New research based on genome data for 9,506 species, as well as an examination of 200 fossils, provides the deepest understanding to date of the evolutionary history of flowering plants, called angiosperms – the largest and most diverse plant group. It details how angiosperms appeared and became dominant during the age of dinosaurs and how they have changed over time.

The scientists devised a new tree of life for angiosperms, covering 15 times more types of flowering plants – nearly 60% of them – than the nearest comparable study.

“It is a massive leap forward in our understanding of plant evolution,” said botanist William Baker of the Royal Botanic Gardens, Kew (RBG Kew) in London, senior author of the research published on Wednesday in the journal Nature.

Angiosperms, plants that produce flowers and generate their seeds in fruits, encompass about 330,000 species and comprise about 80% of the world’s plants. They include, among others, all the major food crops, grasses, most broad-leaved trees and most aquatic plants. Their closest relatives are the gymnosperms, a group that preceded them on Earth and includes conifers and some others, with a bit more than 1,000 species.

The study identified two pulses of diversification among angiosperms. The first one occurred around 150-140 million years ago at the dawn of their existence during the Mesozoic era, with 80% of major angiosperm lineages arising during that time. The next one happened about 100 million years later during the Cenozoic era, after the demise of the dinosaurs and the rise of mammals, amid decreasing global temperatures.

“Angiosperms have many structural adaptations that confer advantages over gymnosperms, but chief among these are those contributing to reproductive success,” Baker said.

Gymnosperms and angiosperms both have seeds, but the flowering plants have enclosed seeds that protect them from dehydration and enable them to prosper in a wider range of environments, from tropics to deserts to Antarctica.

They also evolved the flower, a structure that allowed them to form relationships with animal pollinators, especially insects, while gymnosperms usually rely upon the wind for pollination. Angiosperms evolved a high diversity of fruit types, permitting effective seed dispersal.

“With these innovations, angiosperms have become invincible,” Baker said.
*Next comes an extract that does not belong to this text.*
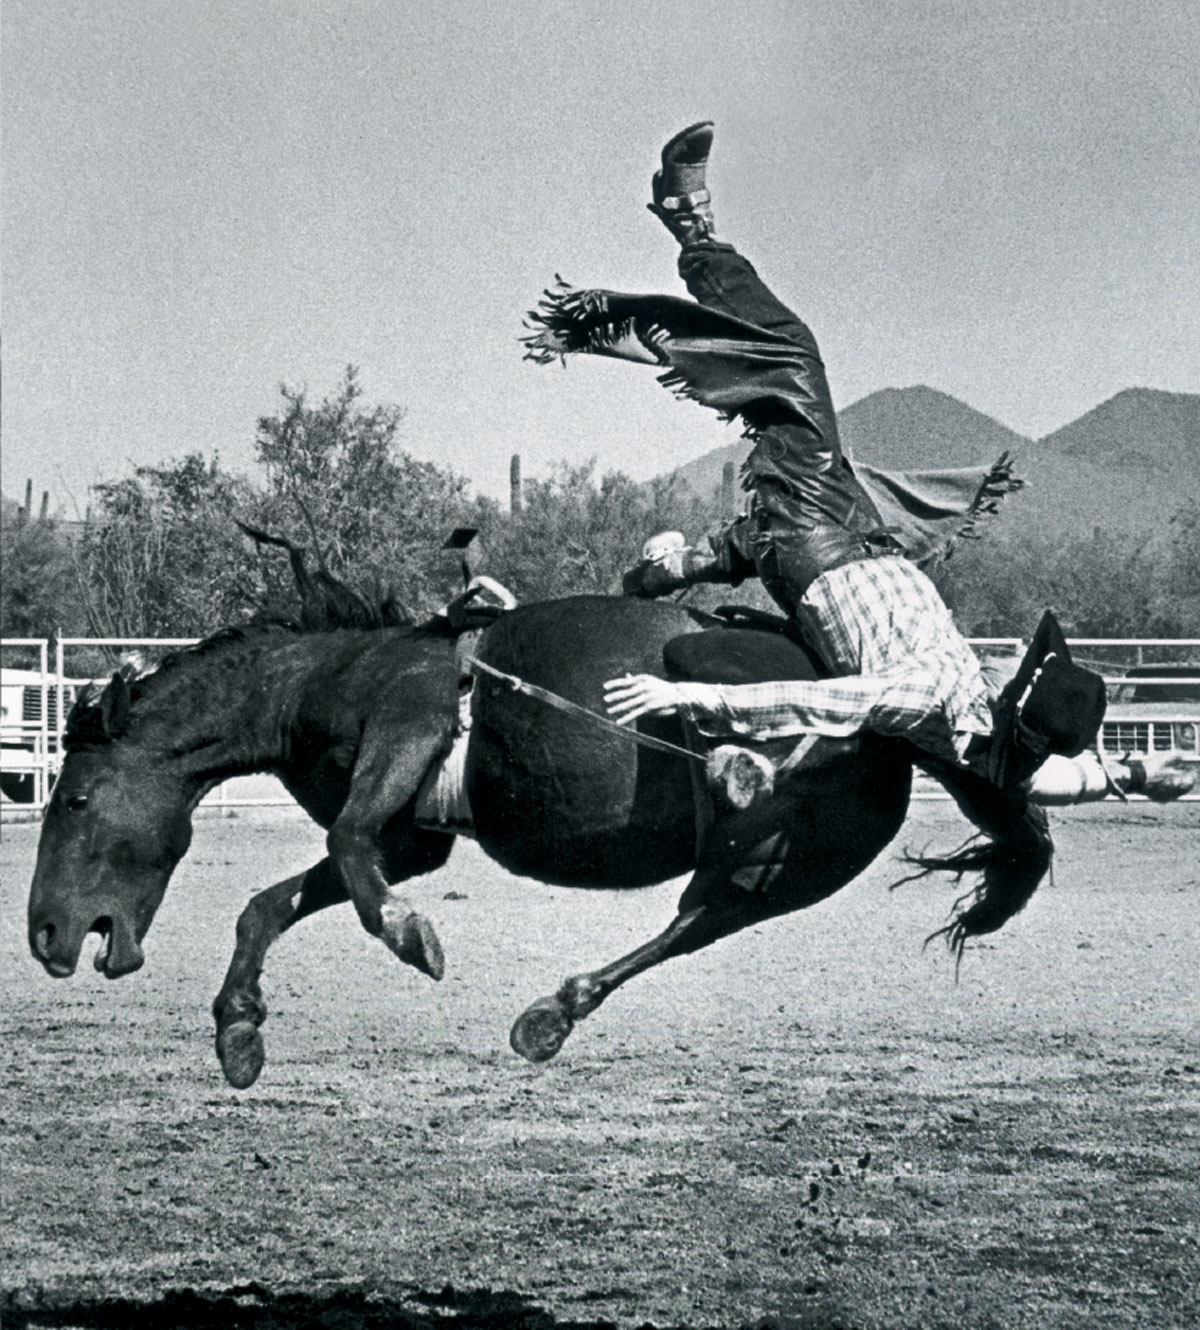 Photograph of Dennis Mann riding the horse named “Soldier,” Cave Creek, Arizona, 1983.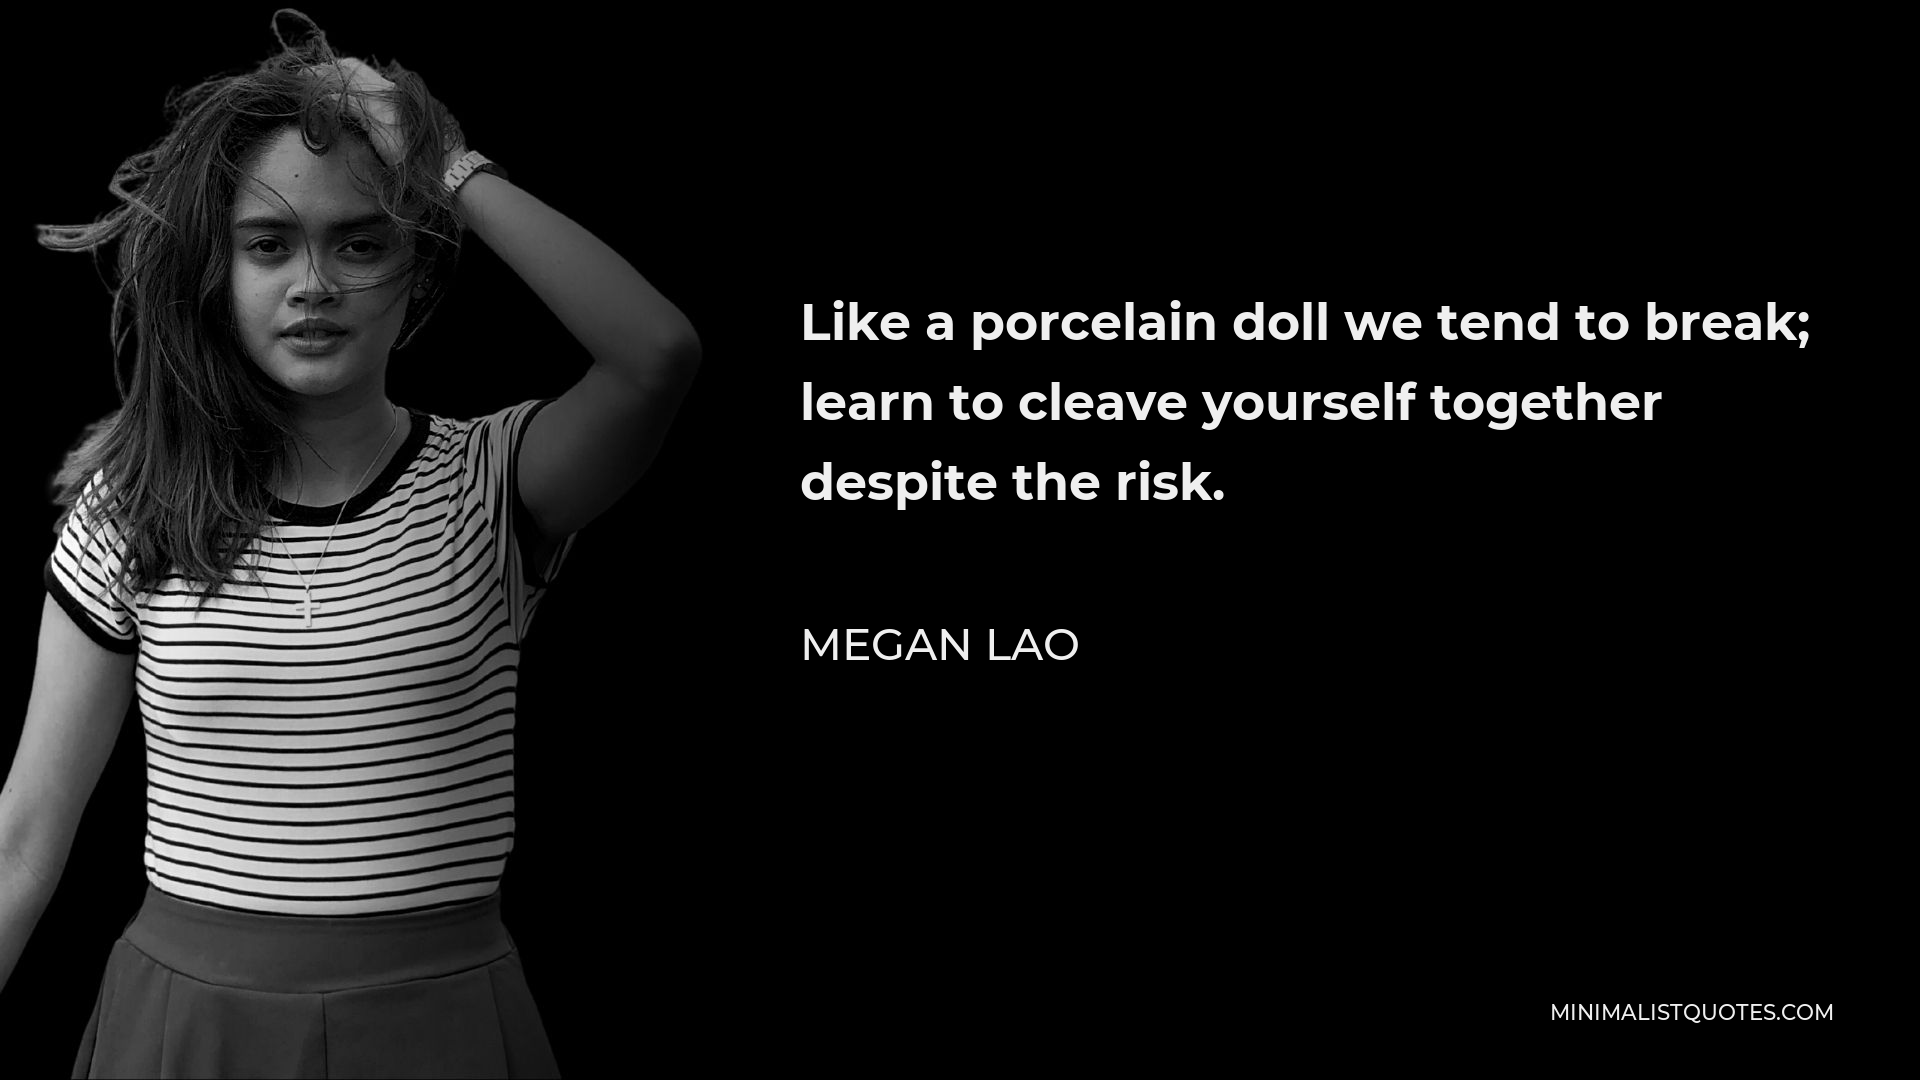 Megan Lao Quote - Like a porcelain doll we tend to break; learn to cleave yourself together despite the risk.

Charles Darwin, the 19th century British naturalist and architect of evolutionary theory, was astonished by how flowering plants exploded onto the scene in the Mesozoic fossil record.

In an 1879 letter to Joseph Hooker, RBG Kew’s then-director, Darwin wrote that “the rapid development as far as we can judge of all the higher plants within recent geological times is an abominable mystery.”

“Remarkably,” Baker said, “we have been able to use the ‘molecular fossil record,’ the accumulated change in DNA over time, to see real evidence of that explosion happening at the dawn of the angiosperms.”

Flowering plants provide the majority of calories consumed by humans – grains, fruits and vegetables – including indirectly as feed for livestock. They also have enthralled people with their beauty – fields of sunflowers, bouquets of roses, bunches of calla lilies – and their pleasant fragrance.

“They are sources of many of our medicines and hold potential solutions to global challenges, such as climate change, biodiversity loss, human health, food security and renewable energy,” Baker said.

The study could help scientists better understand disease and pest resistance in angiosperms and navigate potential new medicinal uses – for example, to combat malaria.

“Combining the tree of life with extinction risk assessments for each lineage allow us to prioritize lineages for conservation based on their uniqueness,” RBG Kew botanist and study lead author Alexandre Zuntini said. “This is extremely important for mankind, as these lineages may hold chemical compounds or even genes that can be useful for survival of our species.”